Черти смотрели на Геню выпуклыми глазами-фарами, а по глазам этим вращались фиолетовые спирали зрачков. Морды у них, жуткие своей необычностью, были не такими уж страшными, но Гене на них смотреть не хотелось. Тошно было смотреть. Он попробовал отвернуться - не смог, хотел зажмуриться, но не сумел закрыть глаз. Вдруг одна из морд наклонилась ниже других, зрачки завертелись быстрее, и в мозгу Гени словно граната взорвалась. Он сразу понял, зачем он здесь и какие существа склонились над ним...
В костре треснула, расколовшись, толстая ветка. Взвился фонтан искр, черные тени сложились в другую картинку...
День второго рождения. Час первый.
- ...Так, значит, это не "дуглас" падал из тучи, а ваш э-э-э... корабль, когда "мессер" его обрабатывал?! - закричал мысленно Геня.
- Да, наша разведкапсула! - подтвердил, тоже мысленно, один из пришельцев по имени Зликк. - Ваш летательный аппарат наткнулся на нее, когда мы, зухи, наблюдали за боем, укрывшись в облаке.
- Это не наш самолет, фашистский! - возмутился Геня.
- Хорошо, хорошо, пусть не ваш. Мы, зухи, еще плохо различаем здешнюю технику. И к тому же ваше деление на нации и государства...

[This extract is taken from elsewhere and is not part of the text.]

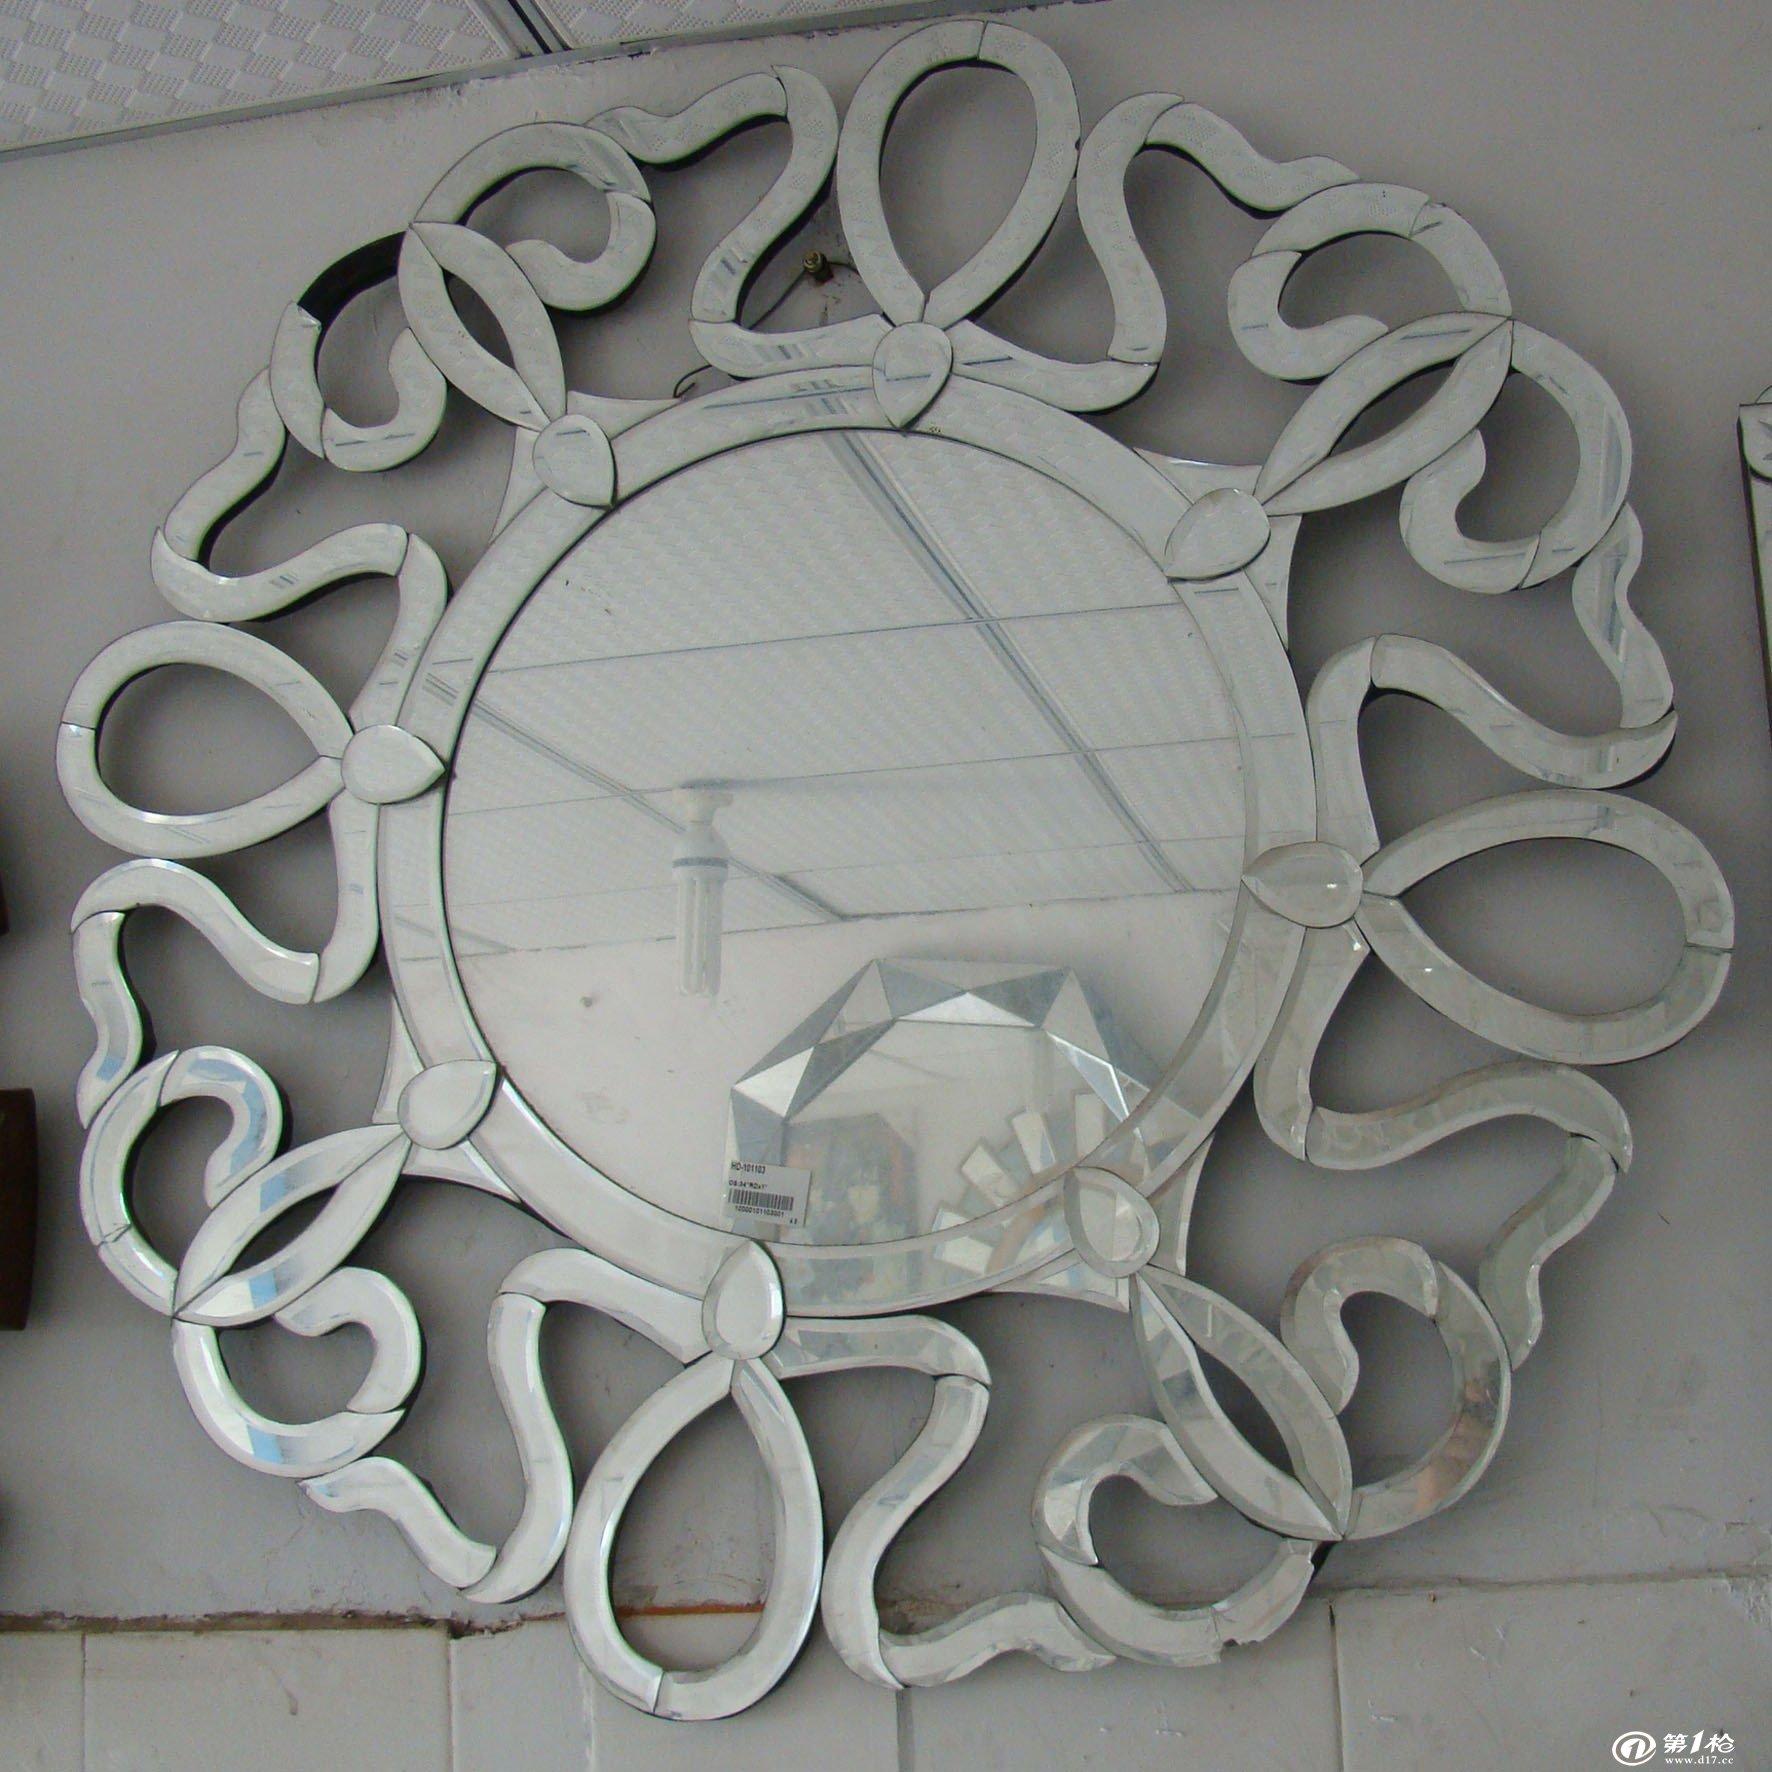 玻璃壁挂 玻璃工艺品 异型镜子壁挂 欧式壁挂 glass wall art

Геня не слушал его. Партизанский самолет не погиб. Он долетел до Кильдыма. Значит, Маруся жива. Сегодня же Генка попросит, и эти странные ребята зухи отпустят его домой. Он найдет Марусю, и они будут гнать фашистов до тех пор, пока Москва и Кильдым не сольются в одну РОССИЮ. Привычным жестом Геня потянулся пригладить волосы, но рука нащупала голый шишковатый череп. Геня приблизил ее к глазам и впился взглядом в трехпалую коричневую ладонь, покрытую шершавой, точно сосновая кора, кожей. Рука не была человеческой.

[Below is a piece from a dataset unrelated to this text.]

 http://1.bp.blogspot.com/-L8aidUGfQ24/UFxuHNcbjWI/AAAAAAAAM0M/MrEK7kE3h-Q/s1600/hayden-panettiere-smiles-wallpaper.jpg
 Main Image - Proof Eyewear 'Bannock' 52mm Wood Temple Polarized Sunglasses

- Извини нас! Мы не могли сохранить твое тело, - прошептал Сресс, старший из зухов. - Теперь ты почти как мы. Почти, но не совсем. Тот, чье тело ты занимаешь, не был рожден матерью. Его создали ученые. Это был механизм из плоти и крови. Слуга. Зунг. Мы вселили твой мозг в его тело. Можешь считать себя одним из нас, если захочешь.
- Никогда!..
...Костер догорал. Геня протянул длинную руку, отломил несколько веток от ствола, на котором сидел, и бросил их на угли. Снова, словно стекляшки в калейдоскопе, языки пламени сложились в картинку.
Они со Срессом стоят рука об руку возле огромного, во всю стену, экрана. Там, в тысячах километров под ногами, бурлит Юпитер. Зух и человек разговаривают молча. Это последняя беседа за сорокалетнюю дружбу.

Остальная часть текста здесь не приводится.